====== TASK DATA ======

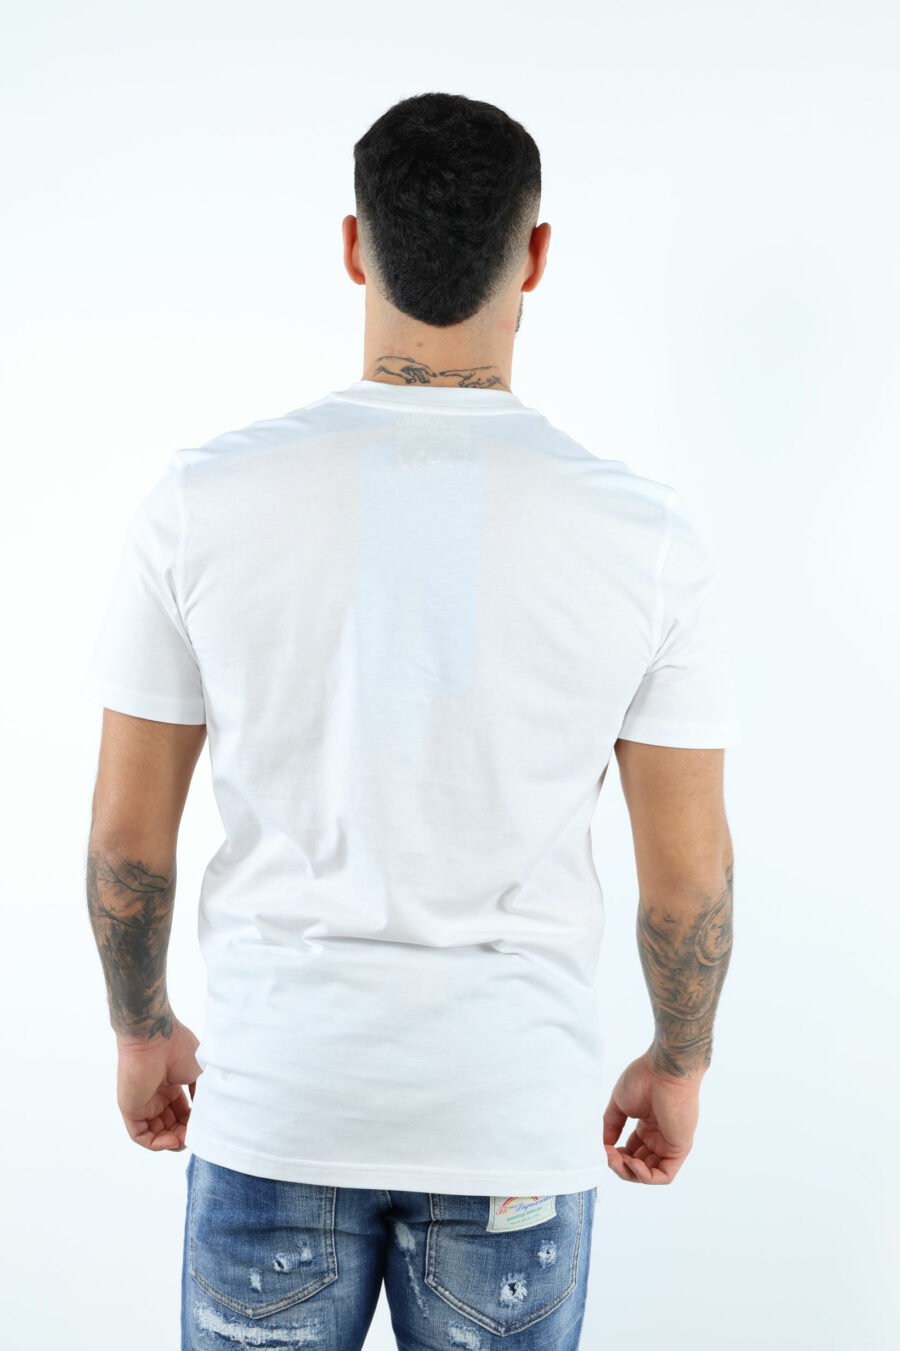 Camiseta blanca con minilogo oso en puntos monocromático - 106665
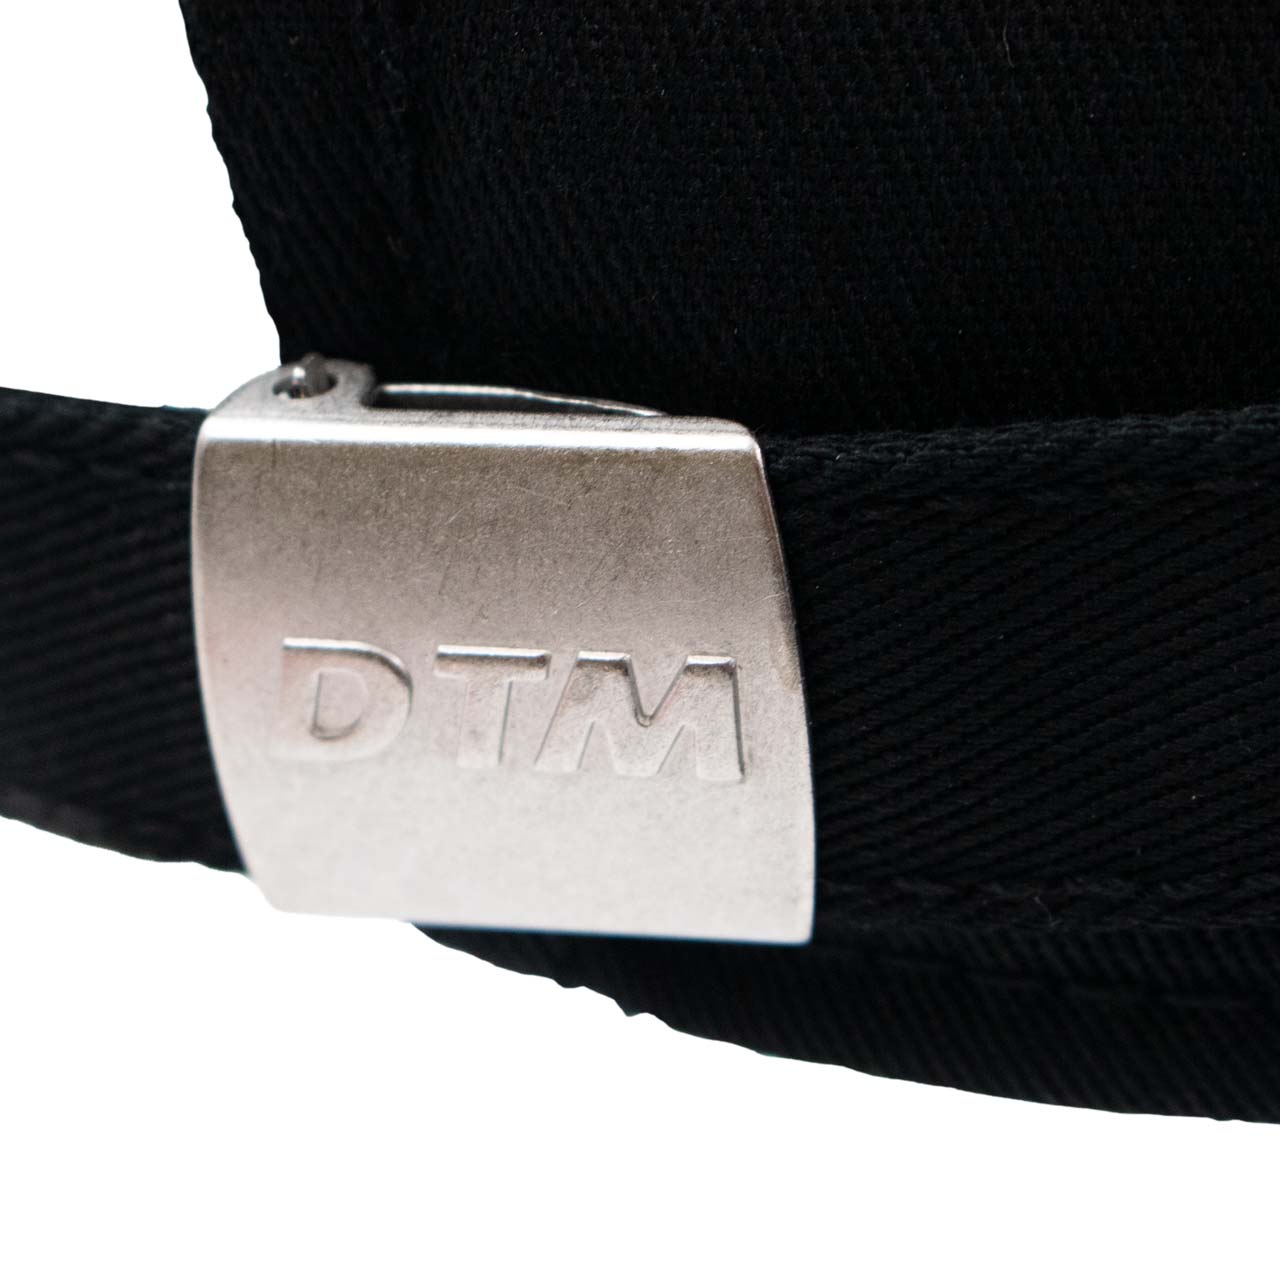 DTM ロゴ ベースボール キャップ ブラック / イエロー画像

======
====== TASK DATA ======

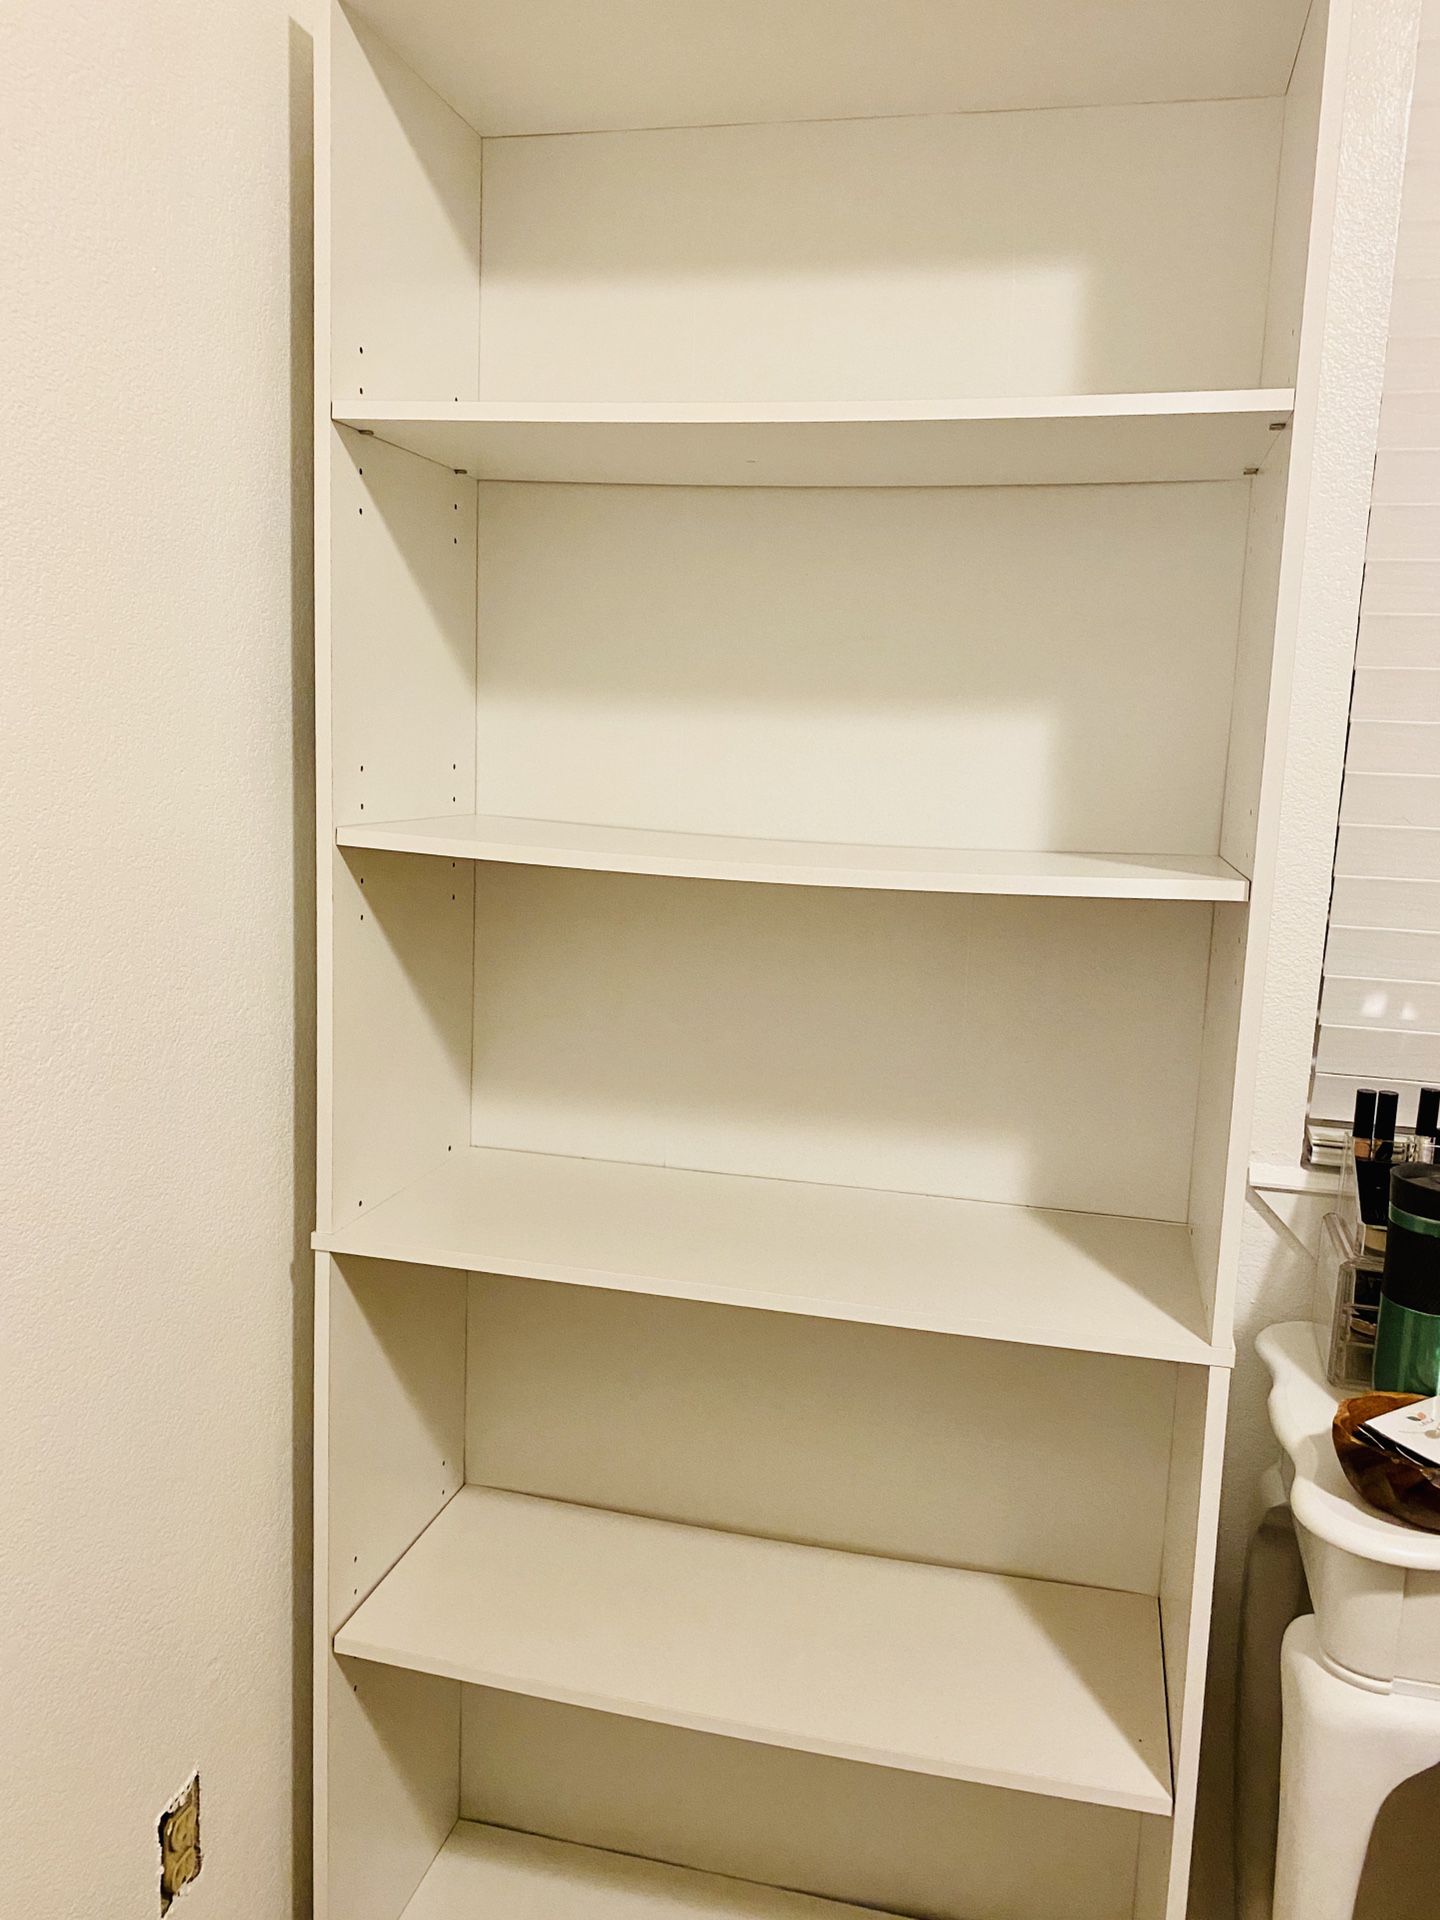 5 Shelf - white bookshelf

======
====== TASK DATA ======

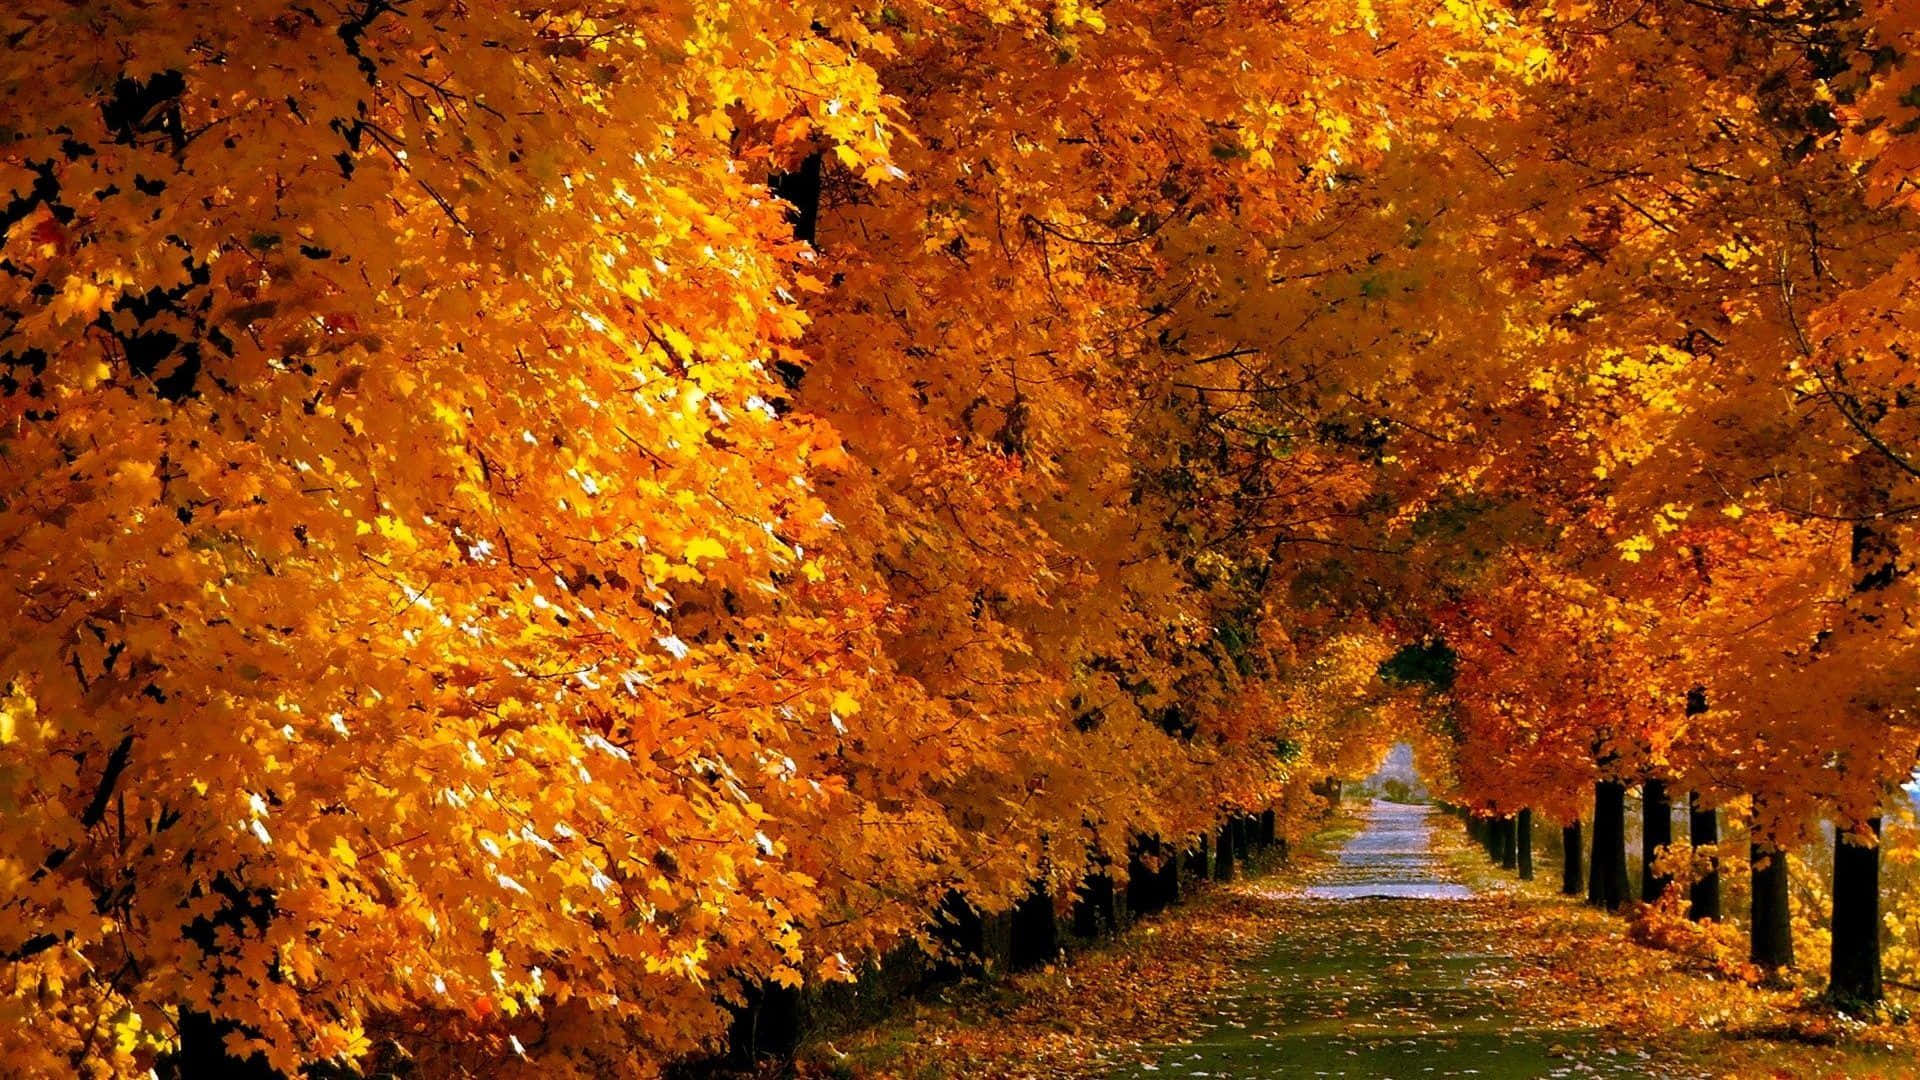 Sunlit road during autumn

======

**WORK INSTRUCTIONS**
When you reach the line with "Camiseta blanca con" in the records above, begin repeating the lines exactly, and stop after the line with "DTM ロゴ ベースボール キャップ ブラック / イエロー画像". Skip all pictures.

**RESPONSE TO THIS EXERCISE**
 Camiseta blanca con minilogo oso en puntos monocromático - 106665
 DTM ロゴ ベースボール キャップ ブラック / イエロー画像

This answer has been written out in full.